## Data shown
-.-.-
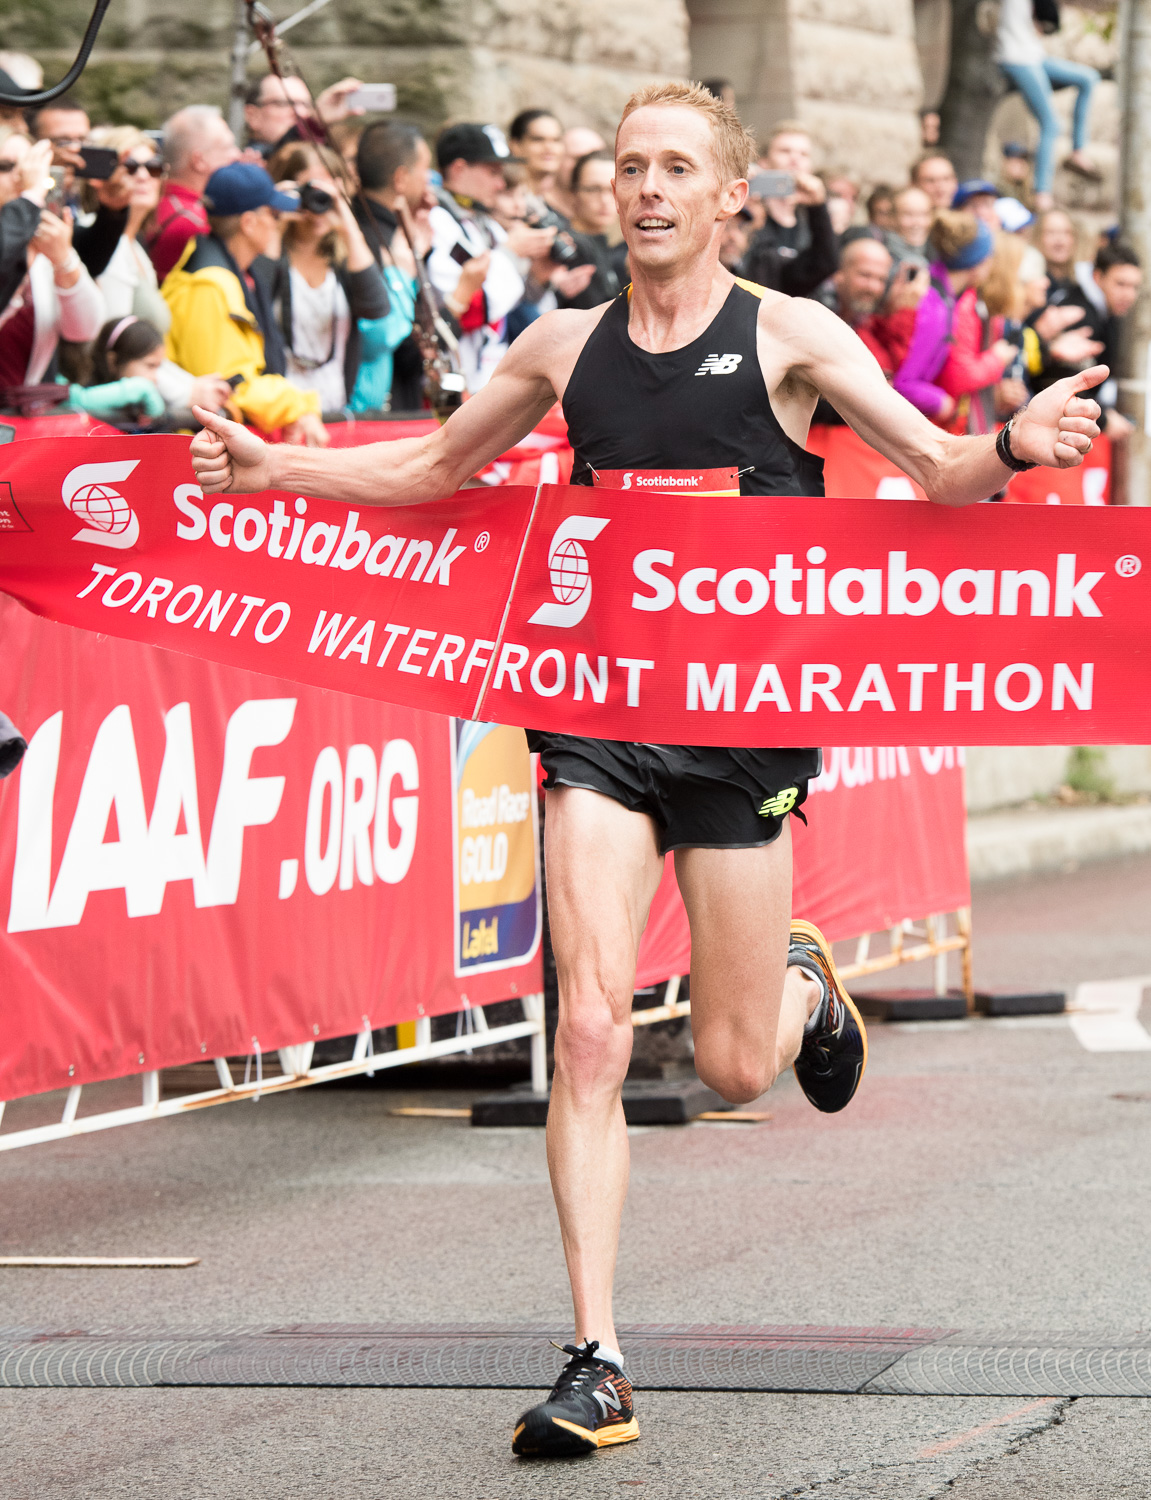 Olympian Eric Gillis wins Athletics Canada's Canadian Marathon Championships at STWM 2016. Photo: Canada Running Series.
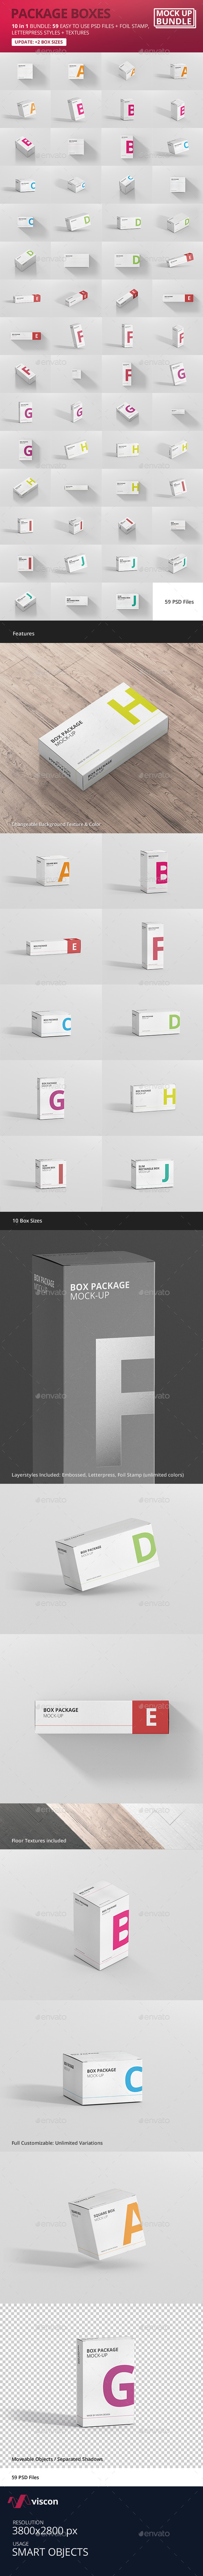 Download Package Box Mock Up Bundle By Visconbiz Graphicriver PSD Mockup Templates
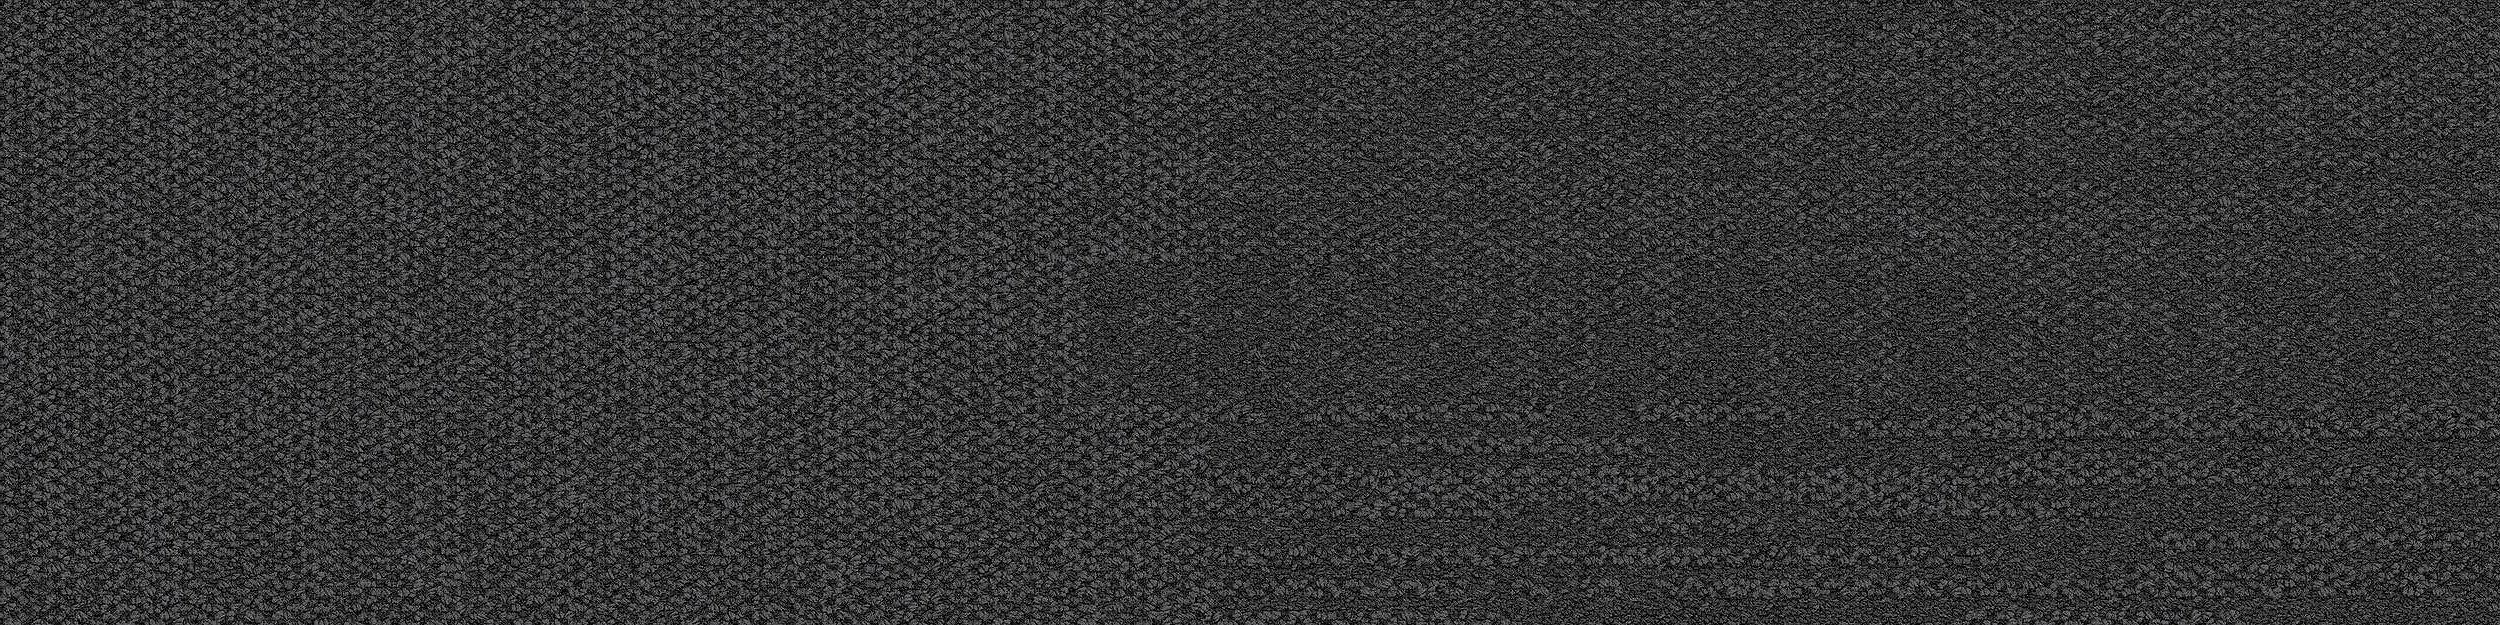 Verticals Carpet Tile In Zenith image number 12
-.-.-
## Problem statement
A word-for-word reprint of the listing above is needed, minus the pictures.

## Answer to this task
 Olympian Eric Gillis wins Athletics Canada's Canadian Marathon Championships at STWM 2016. Photo: Canada Running Series.
 Download Package Box Mock Up Bundle By Visconbiz Graphicriver PSD Mockup Templates
 Verticals Carpet Tile In Zenith image number 12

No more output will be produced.